Hi Jeroen,
we had a similar request like this already a couple of times. Although I
think that having
distribution=on
(which actually is a count for groups) is often not sufficient, e.g.
instead of the pure number users want the percentage (compared to all
values), i.e. 42,8% instead of 3 (out of 7) occurrences. Other
aggregates naturally come to mind as well, but are more complicated
since they aggregate actual values not purely the number of "rows".
Nevertheless, the simple solution you propose, IMHO, should be realized
in a way that /no custom coding is required for query printers. /If I am
not mistaken, the JQPlot-result formats expect a label and a numeric
value for displaying the charts. If your Distributable code would modify
the query results to contain only the labels and the numbers than they
could be rendered also by all other result formats and no additional
code would be needed. The aggregation would be a kind of post processing
of the query results, before they are passed to the result printers
turning a one column query with n lines and m values into a two column
query with m lines.
Would this be sth. your code could support?
thx,
michael
On 08.11.2011 15:08, Jeroen De Dauw wrote:
Hey all,
I have implemented general support for value distributions in result
formats in SMW. This email explains this feature and is meant to
gather feedback on it before SMW 1.7 is released.
== Goal ==
Allow visualizing how many times each value in a result occurs, ie
allow for creating value distributions.
For example, this result set: foo bar baz foo bar bar ohi
Will be turned into
* bar (3)
* foo (2)
* baz (1)
* ohi (1)
This can then be displayed in chart formats, with the value as label
and the occurrence count as value. Although the most obvious use for
this are charts, it can really be used with any format.
== Current implementation: how to use it ==
Each format needs to add support for this functionality before you'll
be able to use it to visualize value distributions. Right now only
jqplotbar and jqplotpie make use of it. All formats that support this
functionality accept 3 additional parameters:
* distribution (on/off) - if a value distribution should be calculated
and shown instead of the regular results.
* distributionsort (asc/desc/none) - the sort of the values, by
occurance count.
* distributionlimit (positive whole number) - the max amount of values
to visualize.
This example will get the countries the matching cities are located
in, count the occurance of each, and display this as a pie chart. Note
the use of the mainlabel parameter. If this is not done, the cities
themselves will also be put into the value distribution.
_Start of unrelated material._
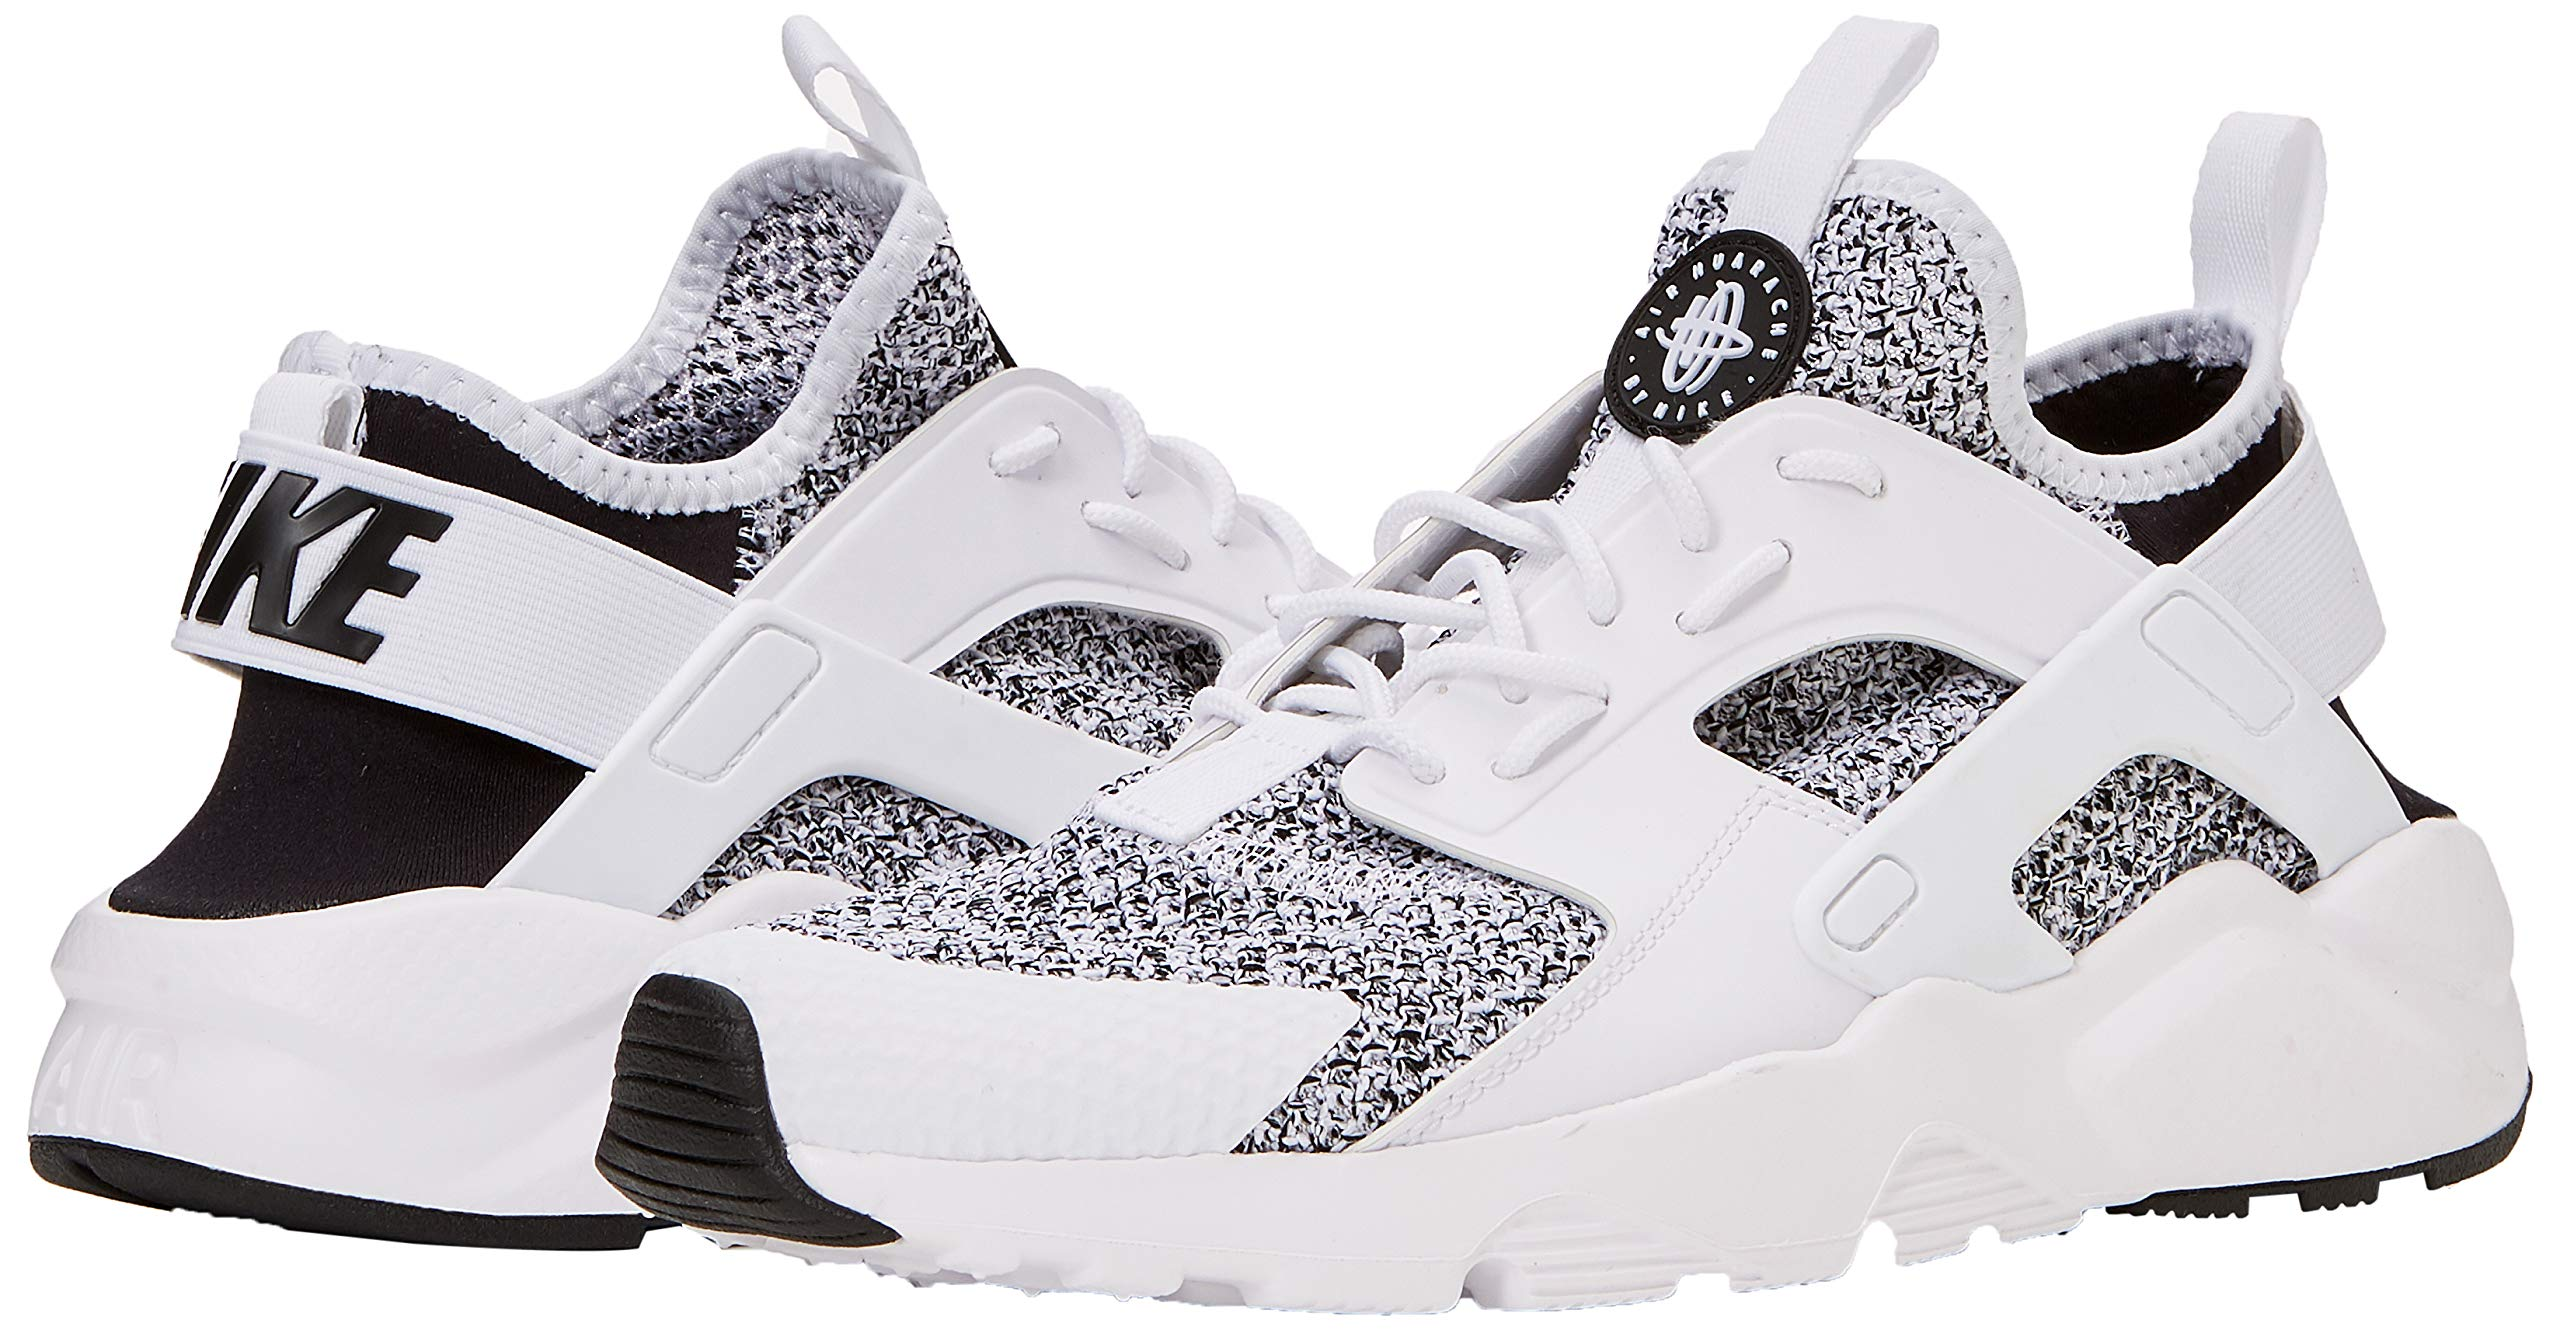 81npijMyzQL - Nike Men's Air Huarache Run Ultra Se Gymnastics Shoes

{{#ask: [[Category:Locations]] [[Has location type::City]]
| ?Located in
| format=jqplotpie
| distribution=on
| mainlabel=-
| limit=500
}}
This example will do the same query, but will only show the 10
countries with most matching cities, in descending order.
{{#ask: [[Category:Locations]] [[Has location type::City]]
| ?Located in
| format=jqplotpie
| distribution=on
| distributionsort=desc
| distributionlimit=10
| mainlabel=-
| limit=500
}}
You can see these examples and 2 others working on the mapping
documentation wiki, making use of the example semantic data there:
http://mapping.referata.com/wiki/Value_distribution_examples
== Implementation details (technical) ==
After looking into several options I decided to implement this as a
result printer class deriving from SMWResultPrinter, requiring changes
to each format that wants to support this behaviour, but making this
relatively easy. This approach seems like a good balance between
making this functionality available as easy as possible and staying sane.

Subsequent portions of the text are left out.